Given entries –
• • •

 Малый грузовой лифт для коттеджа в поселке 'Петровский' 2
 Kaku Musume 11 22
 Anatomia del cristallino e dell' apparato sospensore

• • •

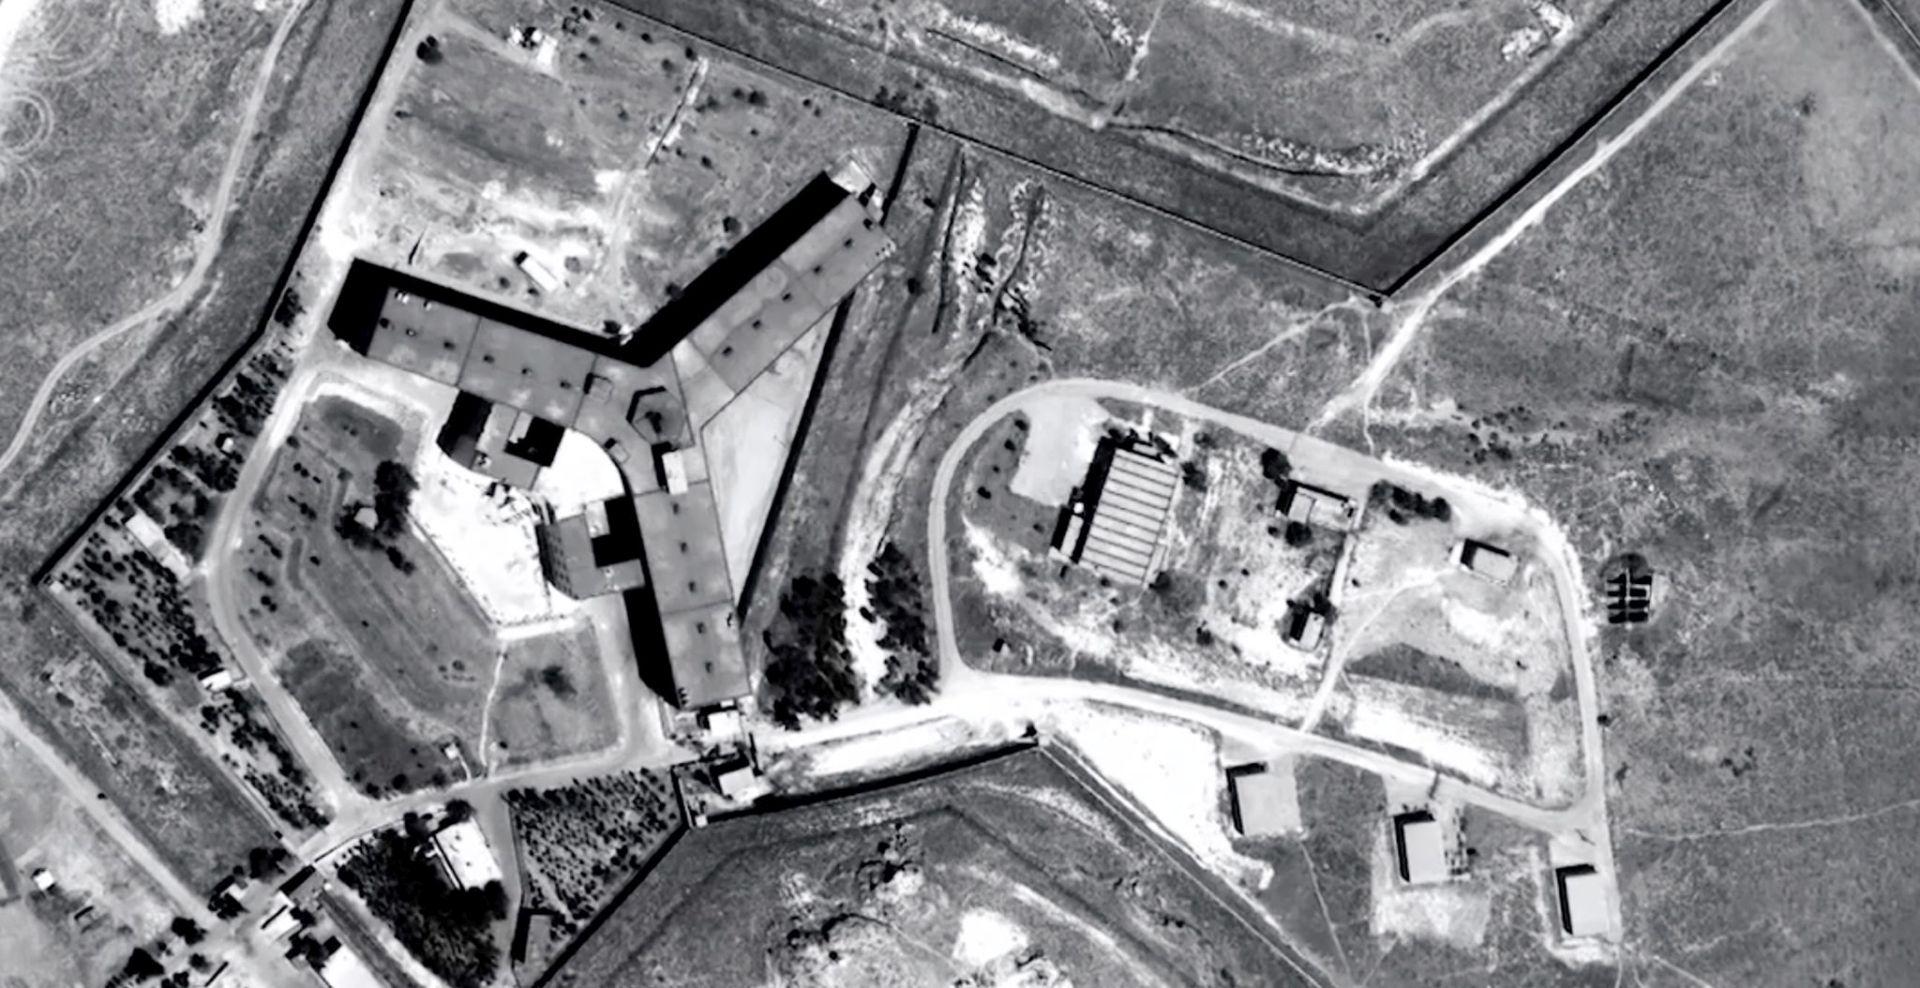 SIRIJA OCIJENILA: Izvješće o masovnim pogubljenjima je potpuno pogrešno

• • •

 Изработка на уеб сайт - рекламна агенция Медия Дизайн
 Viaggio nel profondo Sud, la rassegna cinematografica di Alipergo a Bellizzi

• • •

Action item –
There is a line with "Изработка на уеб" and a line with "Viaggio nel profondo" above. Copy exactly those two lines and all lines between them, with nothing else.

Output below –
 Изработка на уеб сайт - рекламна агенция Медия Дизайн
 Viaggio nel profondo Sud, la rassegna cinematografica di Alipergo a Bellizzi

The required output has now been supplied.